→ PROBLEM DESCRIPTION:
Would you set down the lines running from the one that holds "The frames are" to the final line of the listing, both included, exactly and with no others?

→ RECORDED INFORMATION:
============================================================

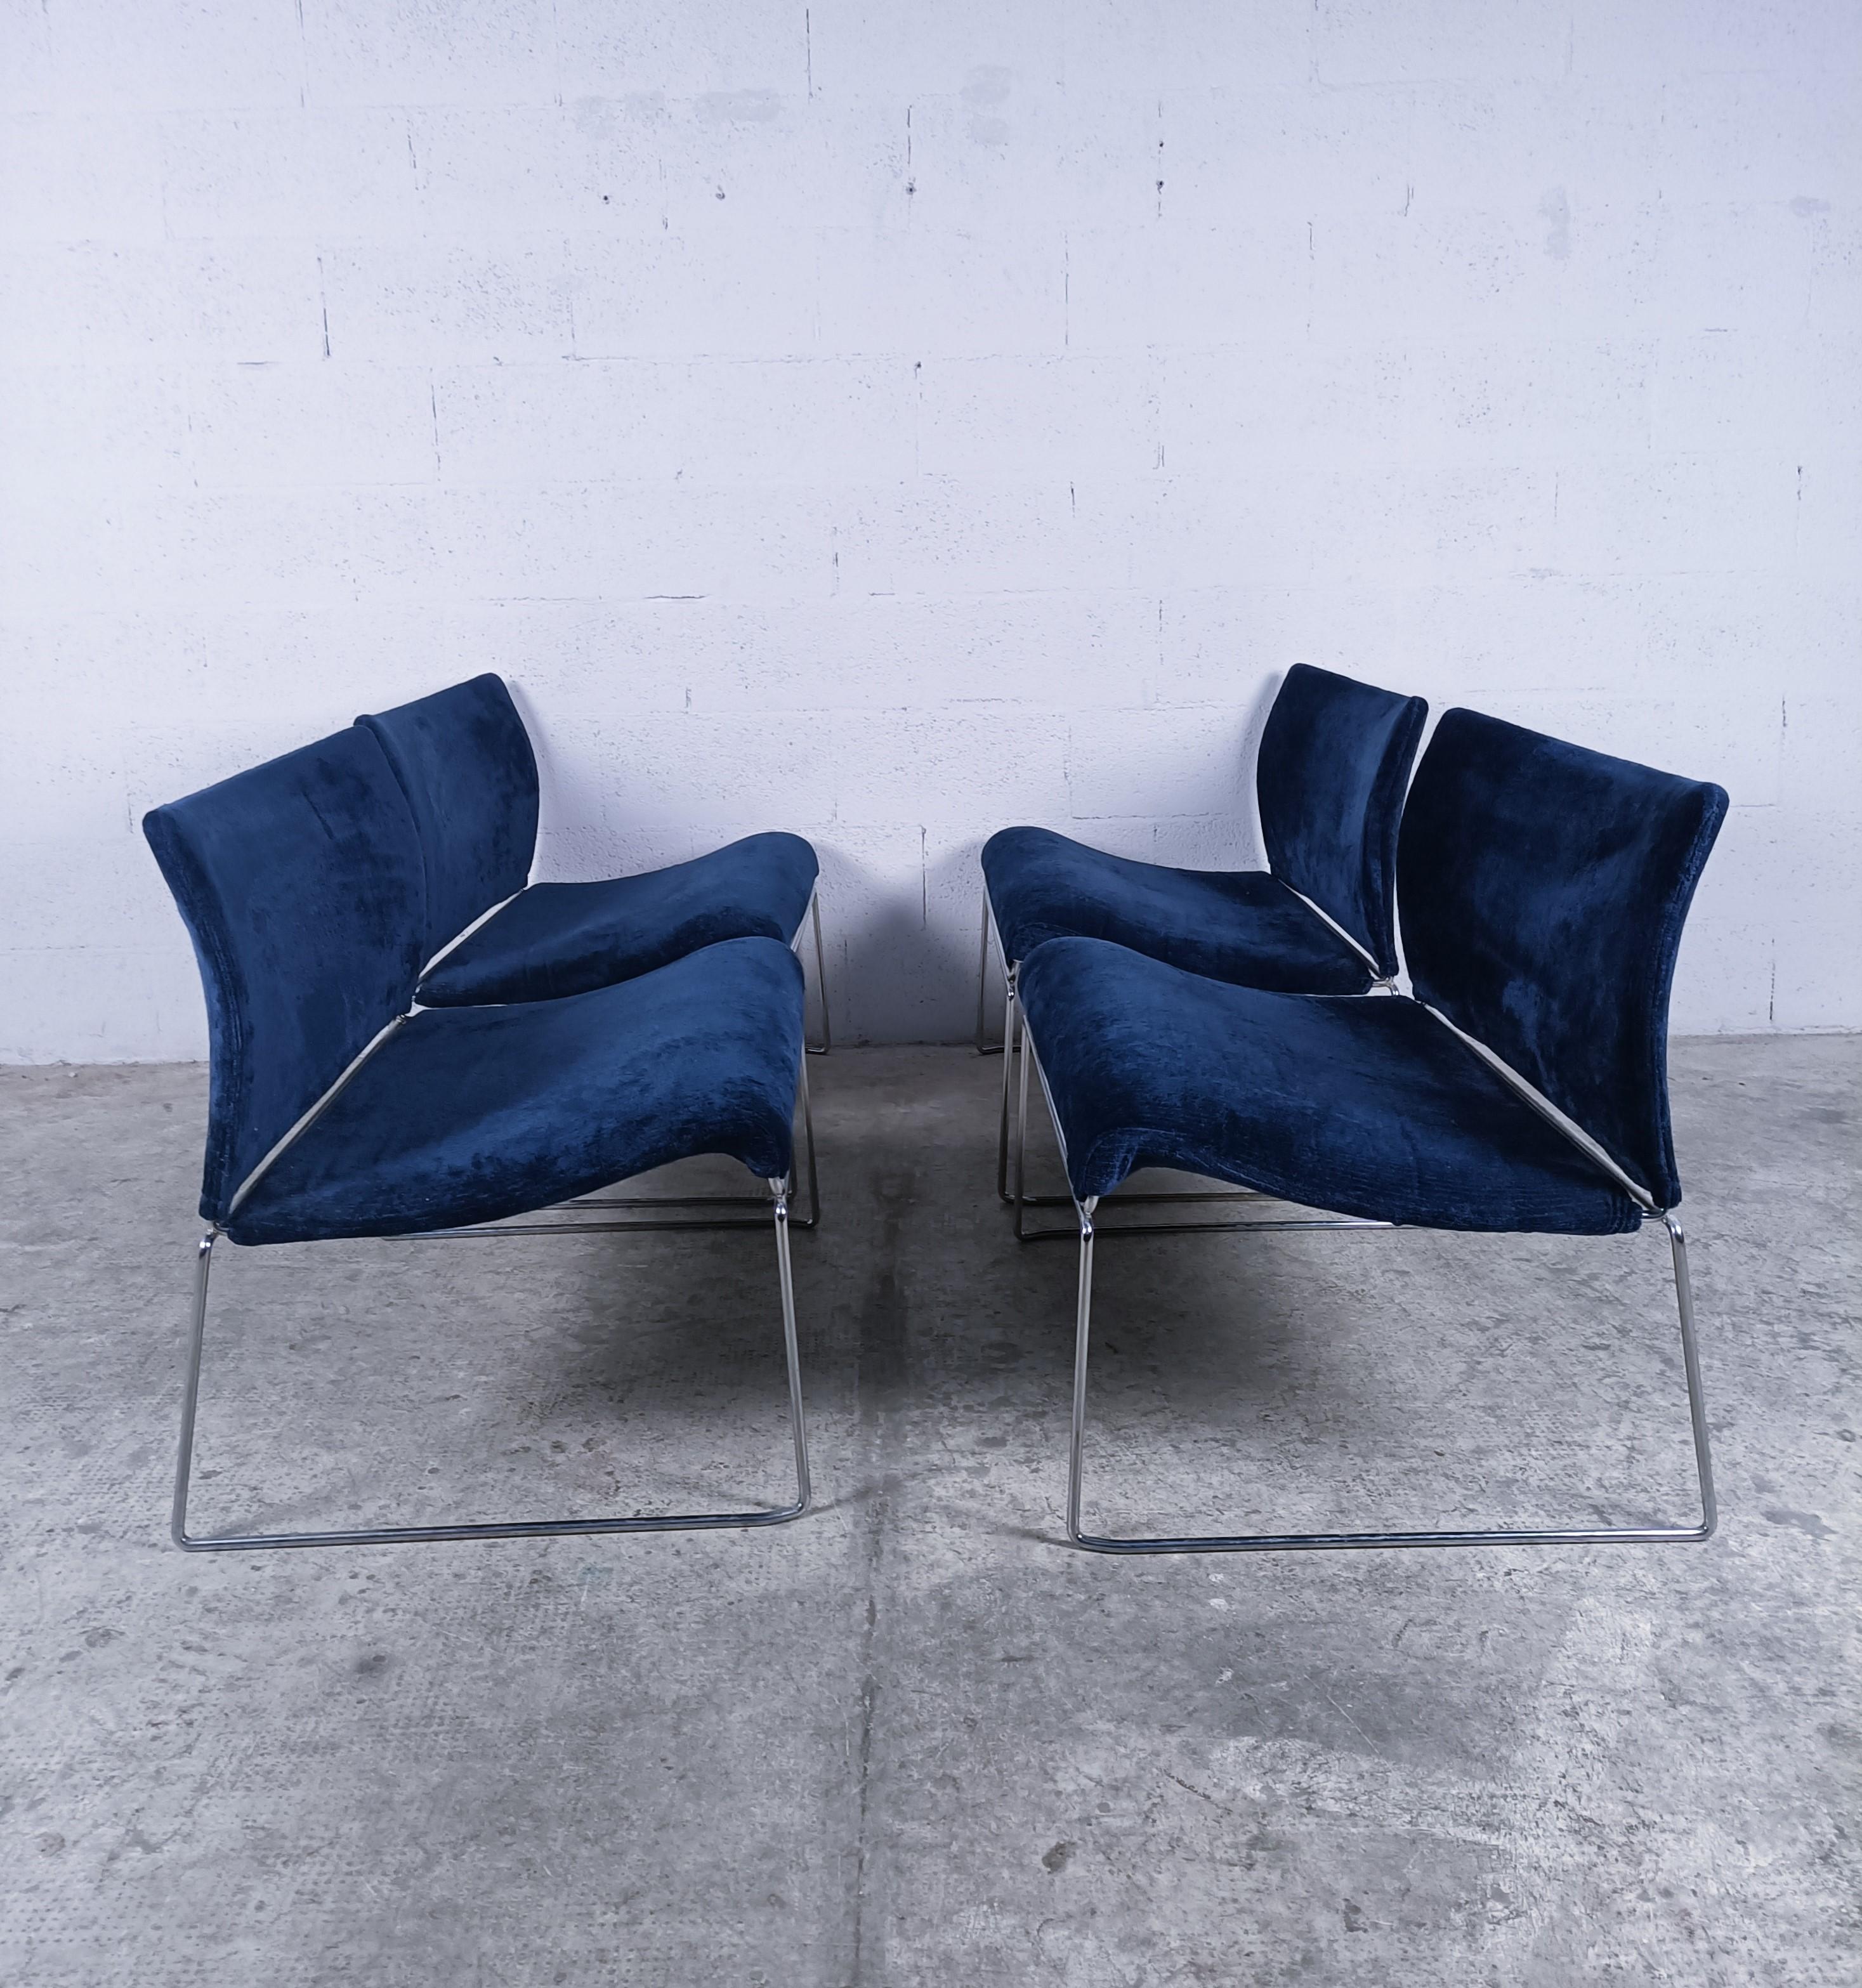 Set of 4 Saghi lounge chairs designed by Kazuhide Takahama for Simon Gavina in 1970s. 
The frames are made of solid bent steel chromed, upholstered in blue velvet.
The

============================================================

→ SOLUTION TO THE EXERCISE:
The frames are made of solid bent steel chromed, upholstered in blue velvet.
The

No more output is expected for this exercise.